“What just happened?” was precisely my train of thought while exiting the final show on the final day of Amazon India Fashion Week S/S 2018. This time around, it seemed different and unfathomable in more ways than one.
Each season brings with it a preconceived idea regarding what the main conversation surrounding pre-show, post-show, and in-between shows would be. This season though, there was an uncanny void in the air.
An all-time low for designers in attendance, a noticeable absence of buyers and an overall overcast spell caused by lack of fashion influencers and bloggers might be the reasons behind this seemingly off vibe.
Blame it on the political, social and terror-induced dogma prevalent around the globe currently, or the after-shocks of demonetisation on the economy, an omnipresent lull dominated the scene.
Runways seemed to cling on to trends from preceding seasons – a special mention can be made here for the overdone androgynous and flared silhouettes that seem to have become a uniform staple that designers swear by for promised commercial successes.
Sheer and transparent fabrics came out as the star materials, while satin stood out as the most desired evening/cocktail wear number. An interesting tilt towards accessories within collections was observed this time around – a big shout-out to leather backpacks and Balenciaga look-alike shopping bags.

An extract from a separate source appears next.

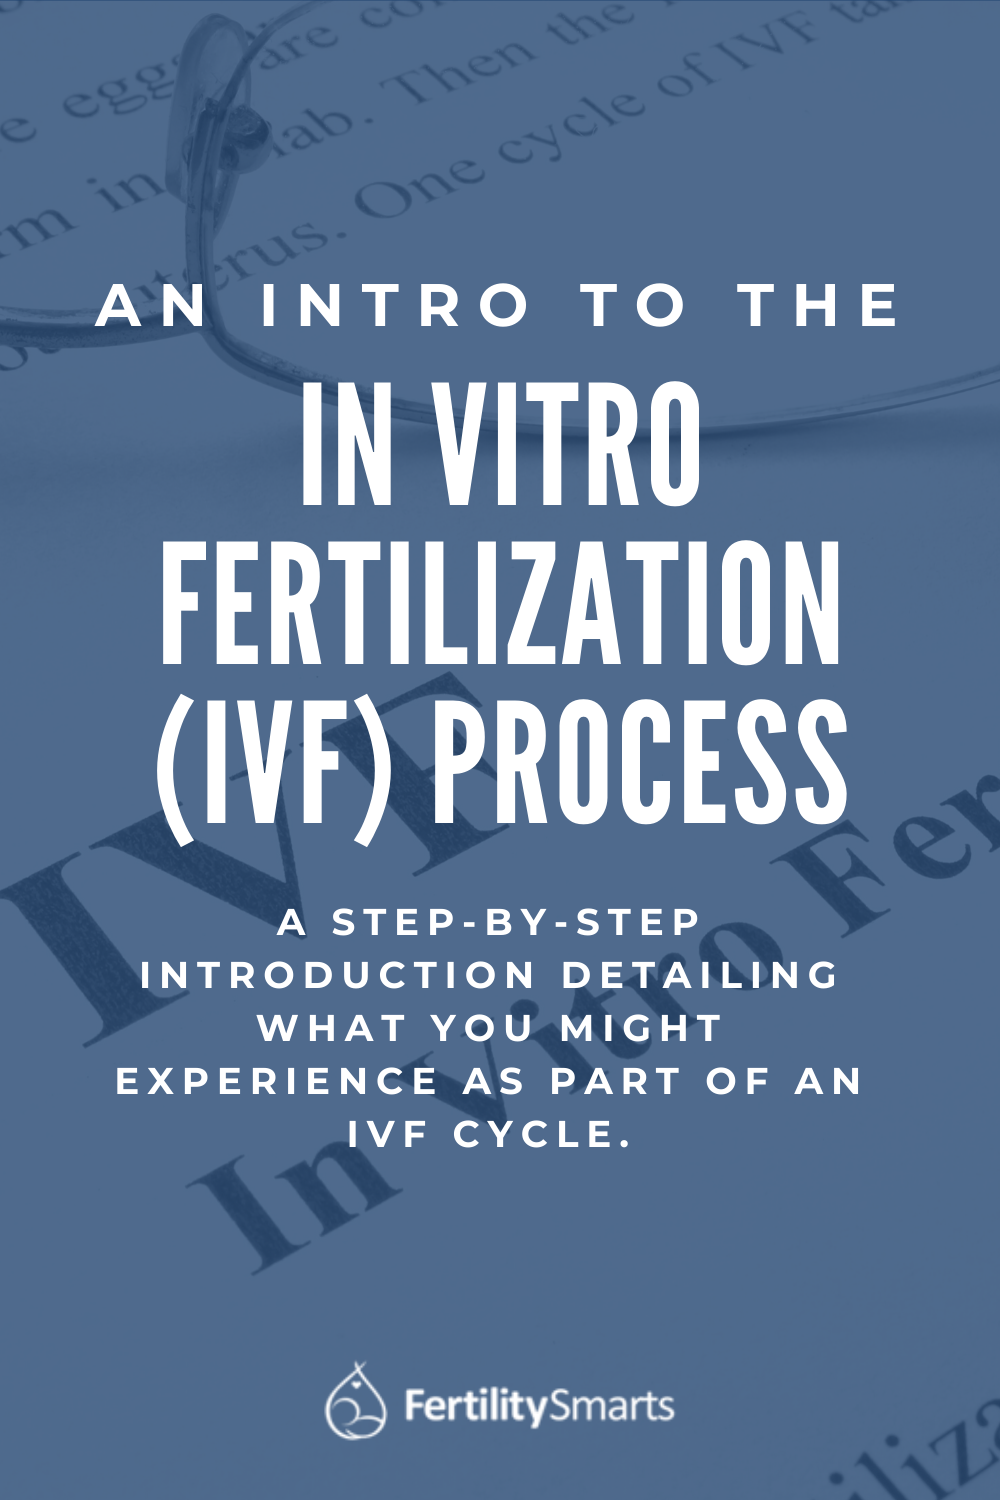 Pinterest Pin Title: An Intro to the IVF Process

In addition, designers were found taking a risky route by wading away from traditional designs towards a more global and cosmopolitan mindset at the showcases of designers such as Sulakshana Monga and Payal Pratap.
Modernism met wearability with a pinch of layering at young bloods, Dhruv Kapoor and Huemn’s presentations; whilst Shivan & Narresh, Hemant & Nandita and Suneet Varma showcased dream-worthy silhouettes that oozed femininity over floor-length gowns, bespoke dresses and flouncy jumpsuits.
At a conjunction of time when the concept of seasons seems more of a thing of the past than ever before, we found ourselves amongst a marine of traditional Indian techniques accentuated with modern aesthetics. Designers seem to be tapping on the increasing receptivity and acceptability of Indian masses towards international thought forms and trends by presenting sell-worthy pieces possessing a shorter shelf-life.
But just as we were about to file away AIFW S/S ’18 under a ho-hum stance, things turned around for the better.
At the final showcase, Amazon Fashion along with designers Rina Dhaka, Rohit Gandhi & Rahul Khanna, Ashish N Soni, Krishna Mehta and Pankaj & Nidhi unveiled the exclusive ‘See Now Buy Now’ concept for their Indian Prêt collections.
Five capsule collections with six statement pieces each by the aforementioned designers were made instantly shoppable right off the runway at the recently launched The Designer Boutique at Amazon.in. This is just a stepping stone in leveraging investments in technology and infrastructure to meet the aspirational demands for instant gratification of consumers the is at an all-time high.
In another angle, the street style scene experienced a definite low as a little birdie told us that, limited invitations have been extended to bloggers and guests this season. But, the former made up for it by showing up in on-trend pieces such as blazers, frayed denim looks, checkered prints and jackets/bombers with back detailing… It seems that as the ease of e-commerce and entrance of international brands in India increases, so does the adaptability and openness of its takers.
A question that remains unanswered right now is where do we stand on the border of tradition and global appeal? – it takes time to adjust to something new, but with the Indian fashion industry evolving at such a fast pace, is our authenticity which lies at the heart of conventionality, in danger of being wiped out?
if so, then by when and to what extent, or will the younger blood surprise us by conjuring awe-inspiring mergers between the two worlds?